Unlike in Lobos, I found a place to stay ahead of time and booked accommodations in a hostel with Rosty, Paz, and Lucila. Travelling as a group worked out well because we all had different goals for the conference. My goal was to buy an obscene amount of comics and meet new people, while they hunted for autographs and pictures. Rosty and Paz brought many comics from home to get the signatures of the creators attending the conference. Outside of the conference, we did the mandatory Rosario tourism, visiting Che’s house (marked only by a red sign) and getting yelled at by a right-winger, taking the elevator to the top of the Monumento de la Bandera, and walking around the city. (Photo of me, Lucila, Paz, and Rosty in front of a drawing by Gustavo Sala)

One of the most exciting parts of the conference was meeting new people and going out to dinner. On the first night of the conference, I tagged along with a group of invited guests and met a bunch of Brazilian illustrators. Apparently, Brazil doesn’t have a large domestic comic market. One girl passed around a sketchbook and asked each artist to draw a penis. It was quite a treat to see some of my favorite artists’ rendition of the male member. I also got to know quite a few illustrators from Rosario that were so friendly and interesting that I am planning to return in September to interview them. On Saturday night, the Lobos crew (Fran López, Federico Reggiani, Fabian Zalazar, Angel Mosquito, Hernán Cañellas, and Max Aguirre) came to the conference and we went out for pizza and beer. We got lost a few times, talked on Walkie Talkies, and during dinner they judged the comics I bought. At the end of the night, they told me that they thought of me as a daughter, which was the best compliment I have ever received.

Throughout the conference, I attended a steady stream of talks by Enrique Breccia, C.B. Cebulski, and Salvador Sanz, a presentation of the comic Dos Estaciones by Federico Reggiani and Rodrigo Terranova and another panel remembering Carlos Trillo. I won’t write about all of the panels, but will instead focus on Dos Estaciones and Enrique Breccia’s lecture.

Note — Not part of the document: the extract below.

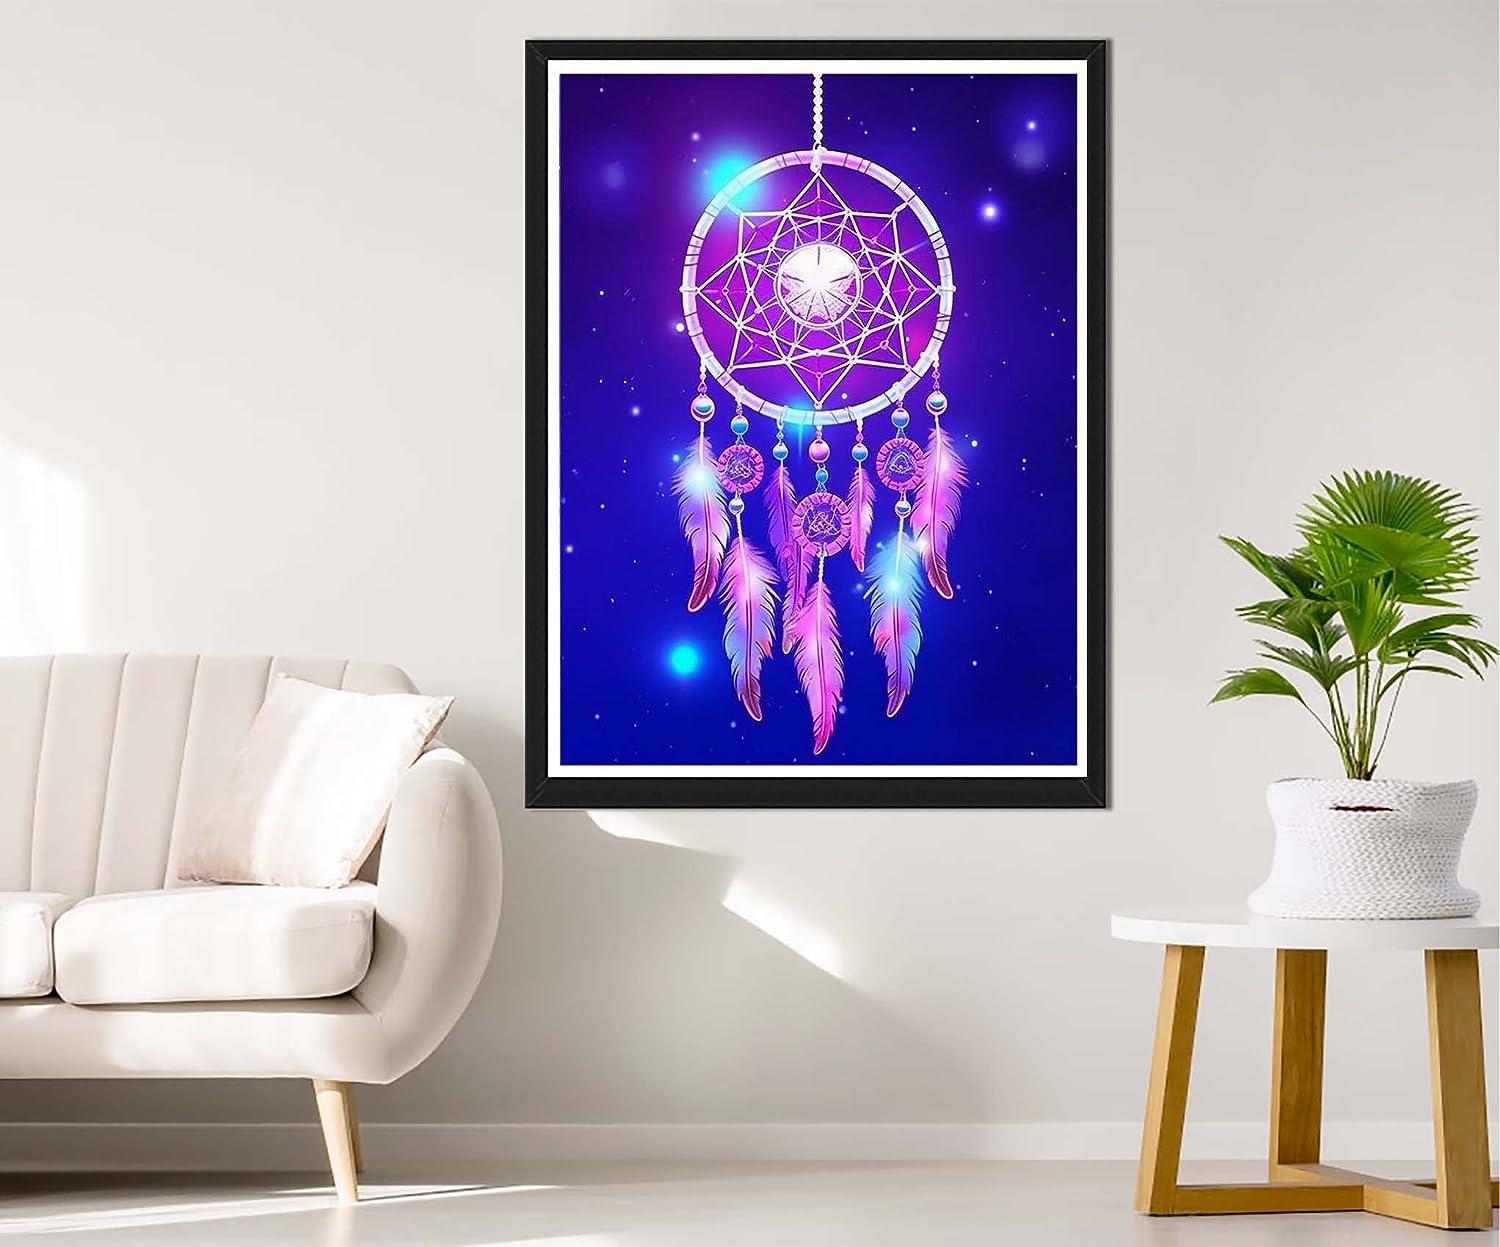 Stitch Diamond Painting, Diamond Art Stitch Round Diamond Painting DIY 5D  Full Drill Art Perfect for Relaxation and Home Wall Decor(Cute

Many Argentine authors publish abroad and advise aspiring comics creators advice on how to appeal to those audiences. Federico Reggiani (in the photo, holding the mic), in his presentation of Dos Estaciones, talked about creating a comic for Argentine audiences that focused on specifically Argentine issues. After a few days of focus on foreign comics, it was nice to hear someone talking about the need for comics with Argentine themes. Enrique Breccia also discussed working for Europe and said that not publishing in Argentina was heartbreaking. He was interviewed for a little while, and then accepted questions from the audience. Most of the questions were either about Oesterheld or his father, Alberto Breccia, a topic that, not surprisingly, is very annoying to answer when everyone compares his (very distinct) work to that of his father’s. (When beginning to publish in Europe, he used pseudonyms so that his work wouldn’t be compared to his father’s.) Given the nature of these questions, his responses were short, but interesting. I usually don’t ask questions during lectures (my Spanish accent is even more unintelligible when shouted), but decided to ask him something when I realized that all the other questions people asked were repetitive and uninteresting. I asked him what his daily schedule was like. Apparently, Breccia lives the romantic and frugal life of a modern cowboy. He wakes up at 5:30 a.m., rides his horses, draws, eats lunch, and goes out and rides some more.

Crack Bang Boom was exhausting and exhilarating, the perfect mix of rampant comic consumption, socializing, and education. Hopefully, Rosario will host another conference next year, but unfortunately, it all depends on Rosario’s political situation after the elections later in the year. Cultural events like this one are very much dependent on the municipal government’s support. When the government changes, so do its priorities. So, fingers crossed for Rosario and Argentine comics. Long live Crack Bang Boom!